Dubai: The international sukuk market is another victim of the credit squeeze that has destroyed investor confidence around the world - it has seen little activity this year.

Only one international dollar deal has been recorded so far in 2009, according to Dealogic, the data provider. This was a $650 million (Dh2.4 billion) transaction from the Indonesian government, which launched its first global Islamic bond this month.

The rest of this year's $2 billion-plus issuance has been in local currency deals, almost entirely in Malaysia, the biggest market for Sharia-compliant bonds. These issues have been, in the main, small transactions of less than $100 million.

The seizing up of the market has followed the worldwide evaporation of liquidity, which has affected conventional fund-raising as well as sukuk, bonds which are structured to avoid paying interest, in line with Islamic law.

Anzal Mohammad, global head of Islamic finance at Allen & Overy, the law firm, says, "Since the collapse of Lehman Brothers in September, the market has slowed to a halt but that is more due to overall sentiment rather than a particular problem in the sukuk market.

"It is not just the Islamic bond market that has dried up. The conventional bond markets have been badly hit too."

Mohammad thinks the market is about to see an increase in activity - a number of banks are preparing to launch deals on the back of the improvement in sentiment, which has seen conventional equity and credit markets rise sharply since early March.

Mohammad says the stabilisation of the oil price at about $50 a barrel, after it dropped to lows close to $30 a barrel in January, has also raised hopes that the sukuk market may be on the point of reopening in earnest.

This is because the Middle East, which relies heavily on oil for its wealth, is one of the biggest markets for issuance of international sukuk.

Mohammad says there have been a number of conventional sovereign bond deals from the Gulf in the past few weeks. These, he says, could pave the way for Islamic bonds, as issuers become more confident that they can attract investors.

"There are a number of sukuk deals that are being worked on. We will see some sovereign issuance first, then the corporates will start coming to the market," he adds.

However, once the international market does properly re-awaken, it is likely to be slow, as investors remain cautious and risk-averse following the financial shocks of the past year.

It will certainly take time before the market matches the pace of growth in the early part of 2007, when it was one of the fastest expanding markets in the world.

That year saw $27 billion worth of new bonds issued - nearly three times more than 2006, according to Dealogic.

This growth was particularly impressive considering most of the issuance was in the first half of the year, before the credit crisis blew up in August 2007.
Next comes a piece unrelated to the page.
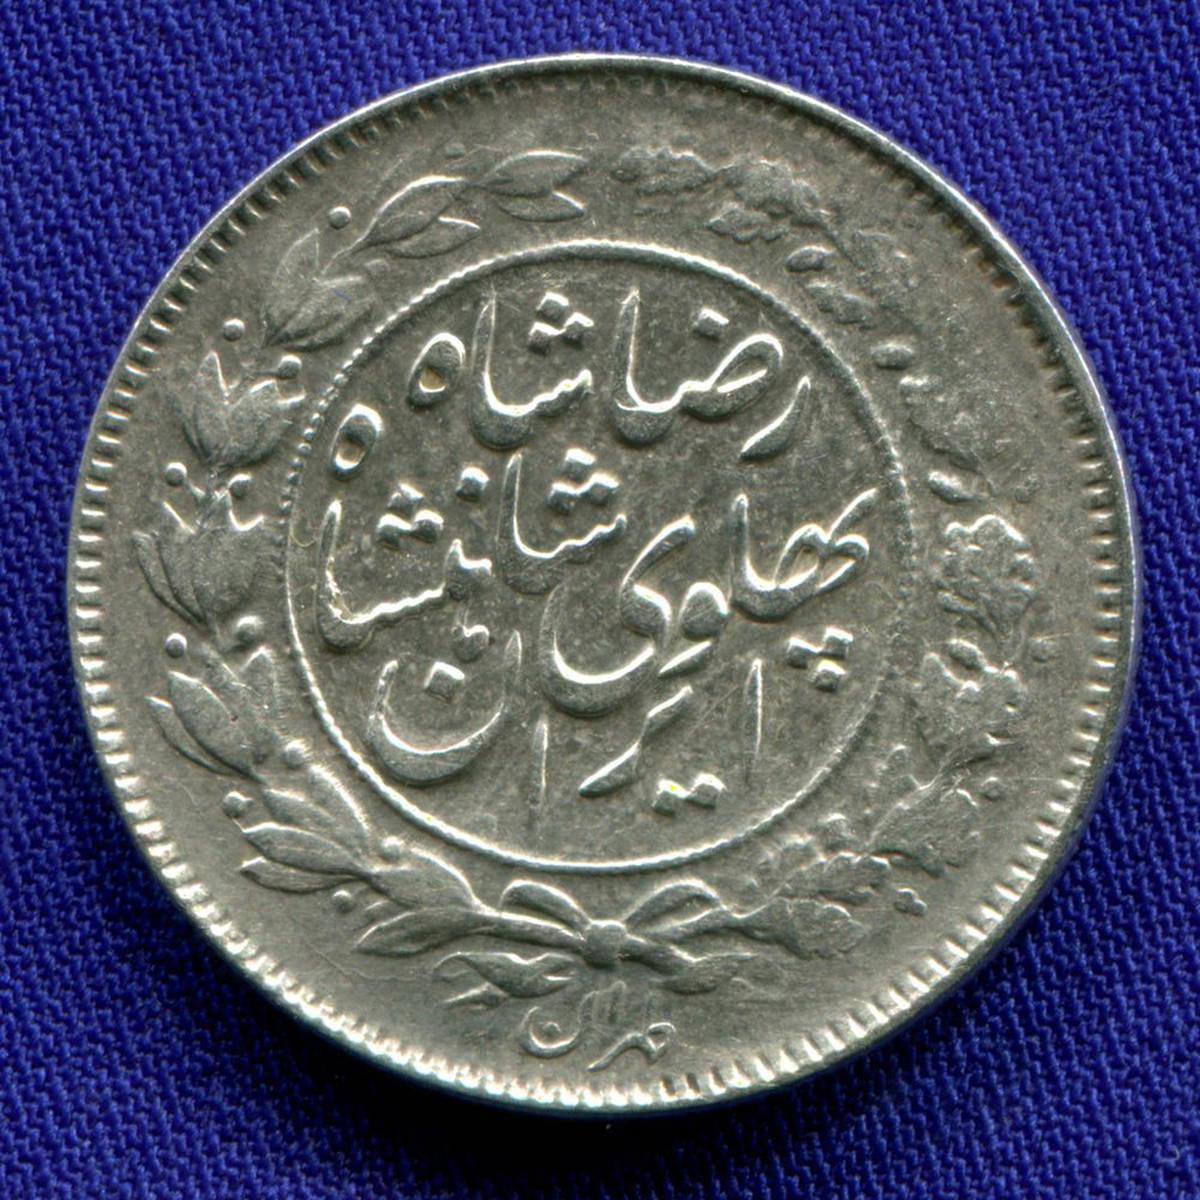 воспользуемся монеты ирана фото могилеве так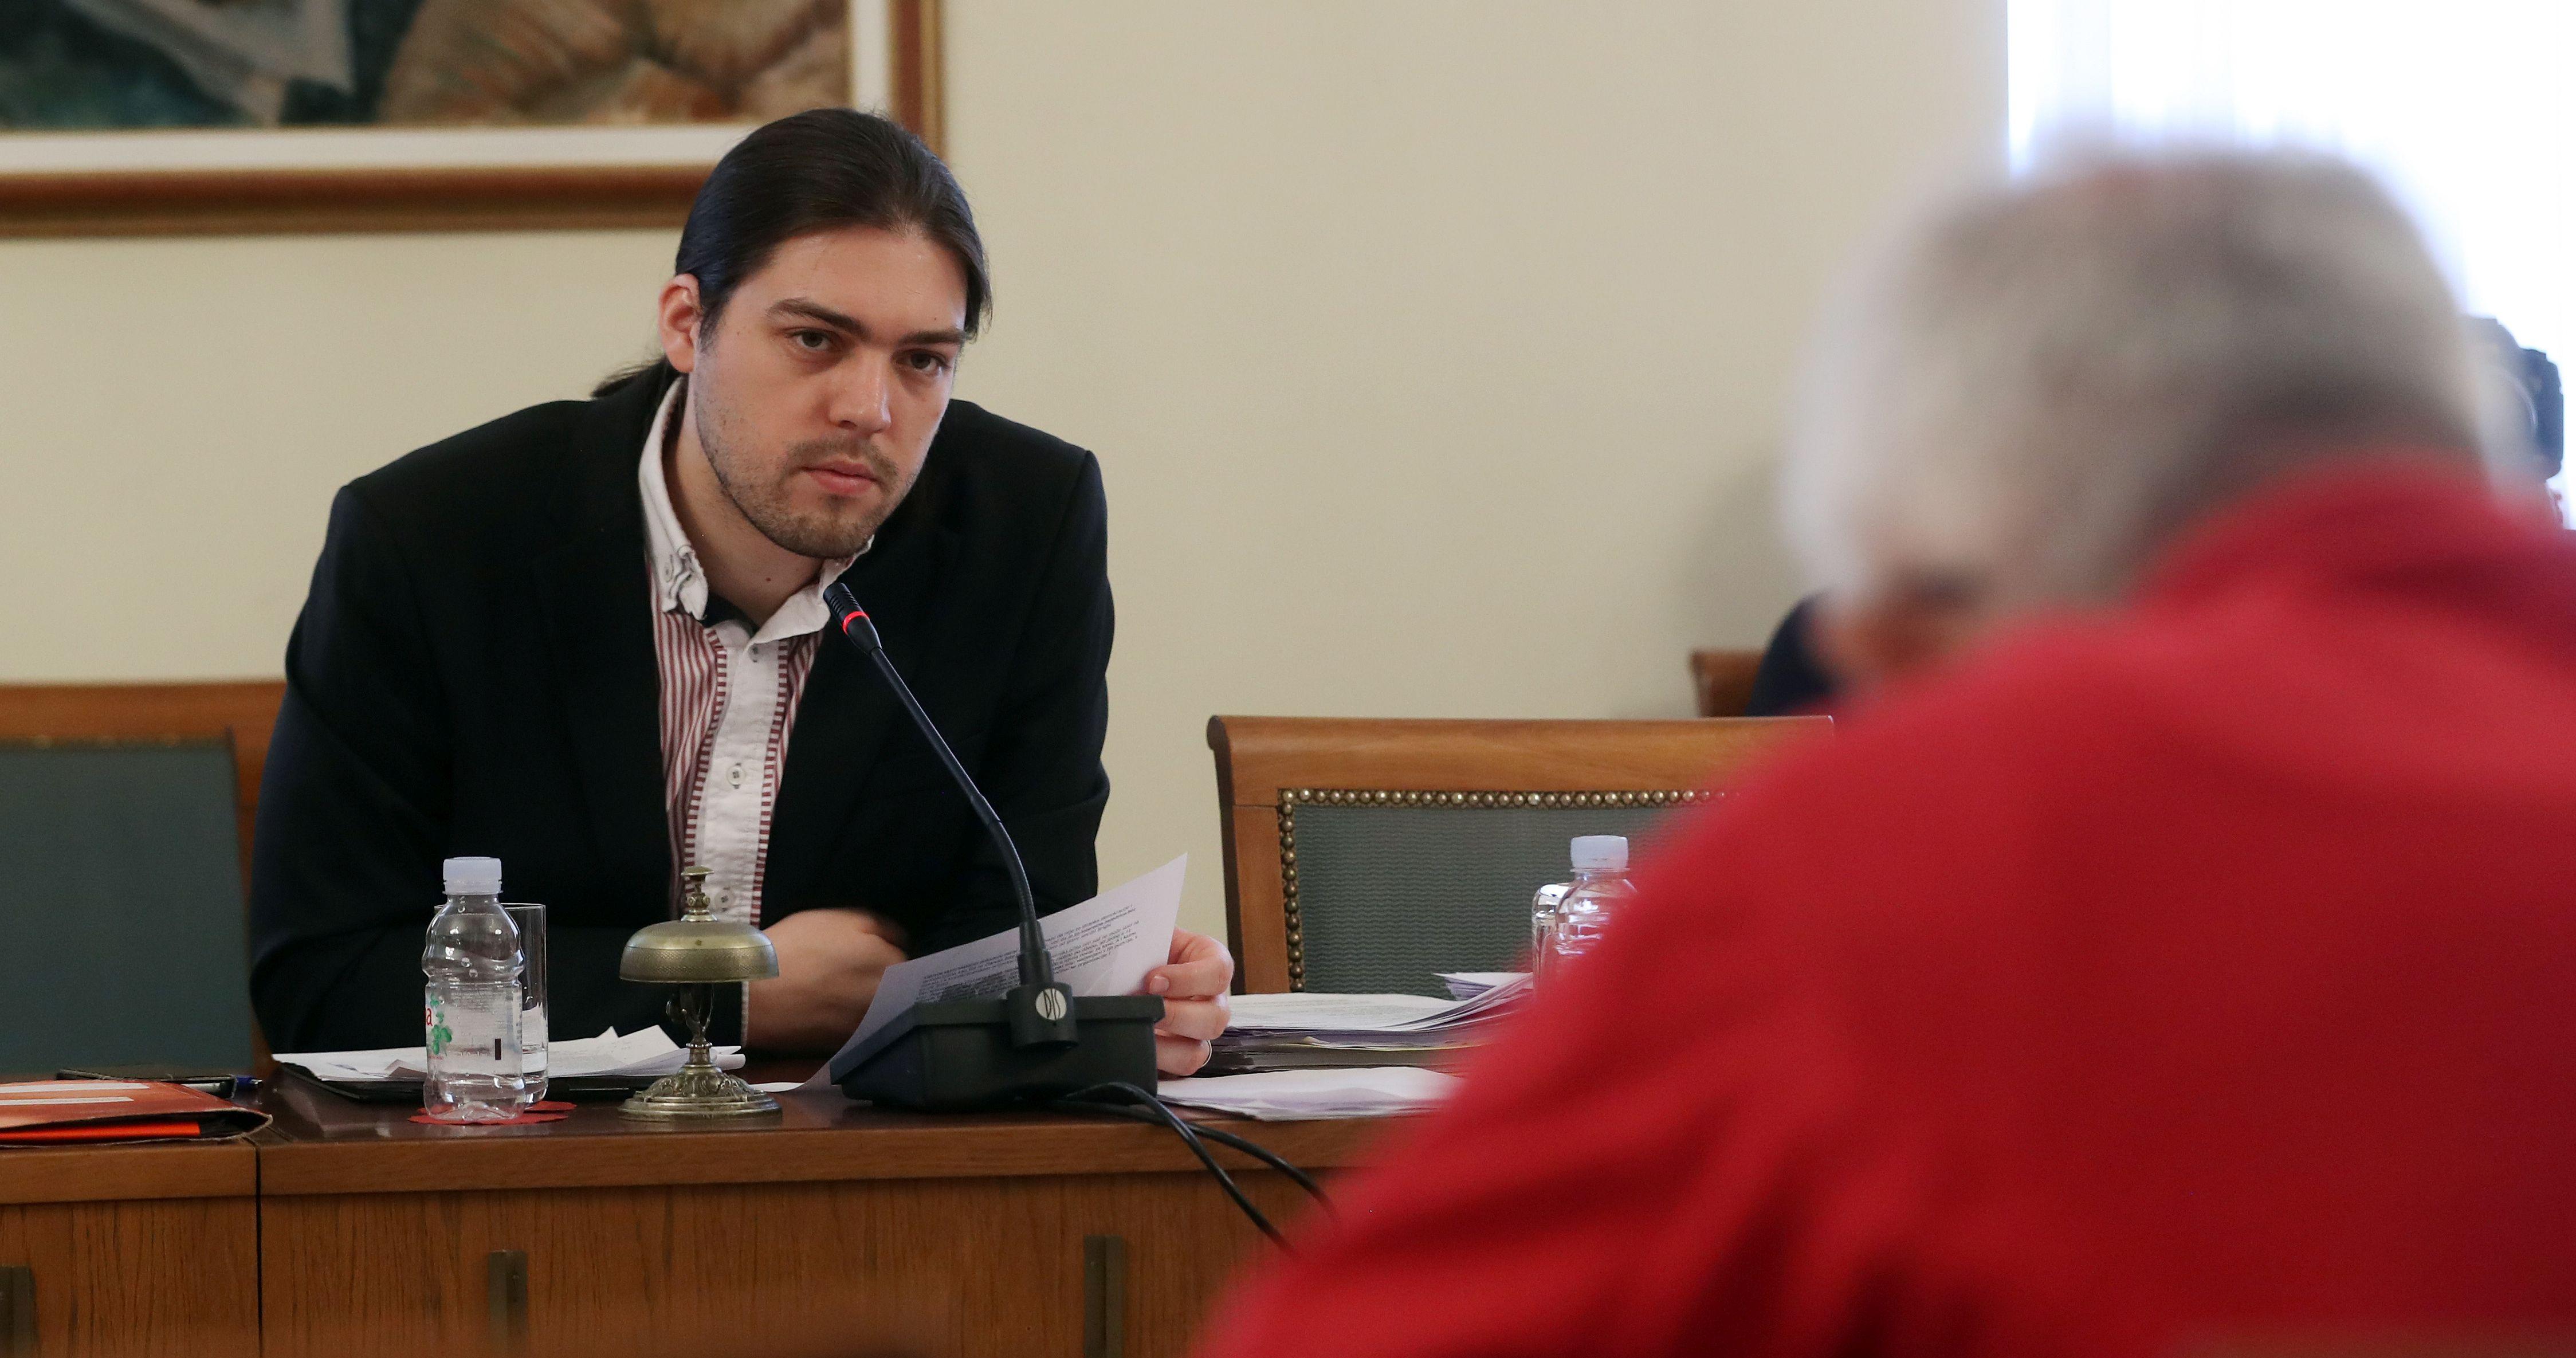 ISTRAŽNO POVJERENSTVO O IMUNOLOŠKOM ZAVODU Svjedočili bivša direktorica i sindikalac

The sukuk market, which is forecast by Moody's to rise to $122.7 billion in outstanding issuance this year - compared with just $1.8 billion in 2001 - is also likely to re-emerge as a rather different animal when it kicks into gear. This is because bankers and lawyers, always on the look-out for new structures for the design of Islamic bonds, have been reined back by religious scholars.

These scholars banned two types of structures that became popular in 2006 and 2007 - known as musharaka, an Islamic joint partnership, and mudaraba, a form of trust financing - in February last year.

The Bahrain-based Accounting and Auditing Organisation for Islamic Financial Institutions ruled that these structures were breaking Islamic laws because they offered investors a repurchase undertaking, where the issuer promises to pay back the face value of the bond when it matures or in the event of a default.

This looks like a guaranteed return, which goes against the spirit of Islamic finance, they ruled.

It means once the sukuk market does revive, it is likely to be dominated by just one type of bond.

This is the asset-backed ijara structure, a sale and leaseback arrangement that uses revenues from an asset, usually a building, to pay investors. These payments are based on rent or profits.

This is not considered a guaranteed return as the physical asset could, in theory, lose value, although investors invariably get their principal back as they would with a conventional bond.

"Ijara will be the main type of structure from now on," says Mohammad. "I don't think the market will suffer too much from having just one main structure."

Most analysts believe the sukuk market still has great potential, with many forecasting it can at least triple in size.

This is based on expectations that more Muslim investors will turn to Islamic financial products.

The European Islamic Investment Bank believes 60 per cent of Muslim investors will eventually do so, compared with about 20 per cent today.

It is also hoped that non-Muslim European investors, who were increasingly buying sukuk as a way to diversify, before the credit crisis, will return to the market.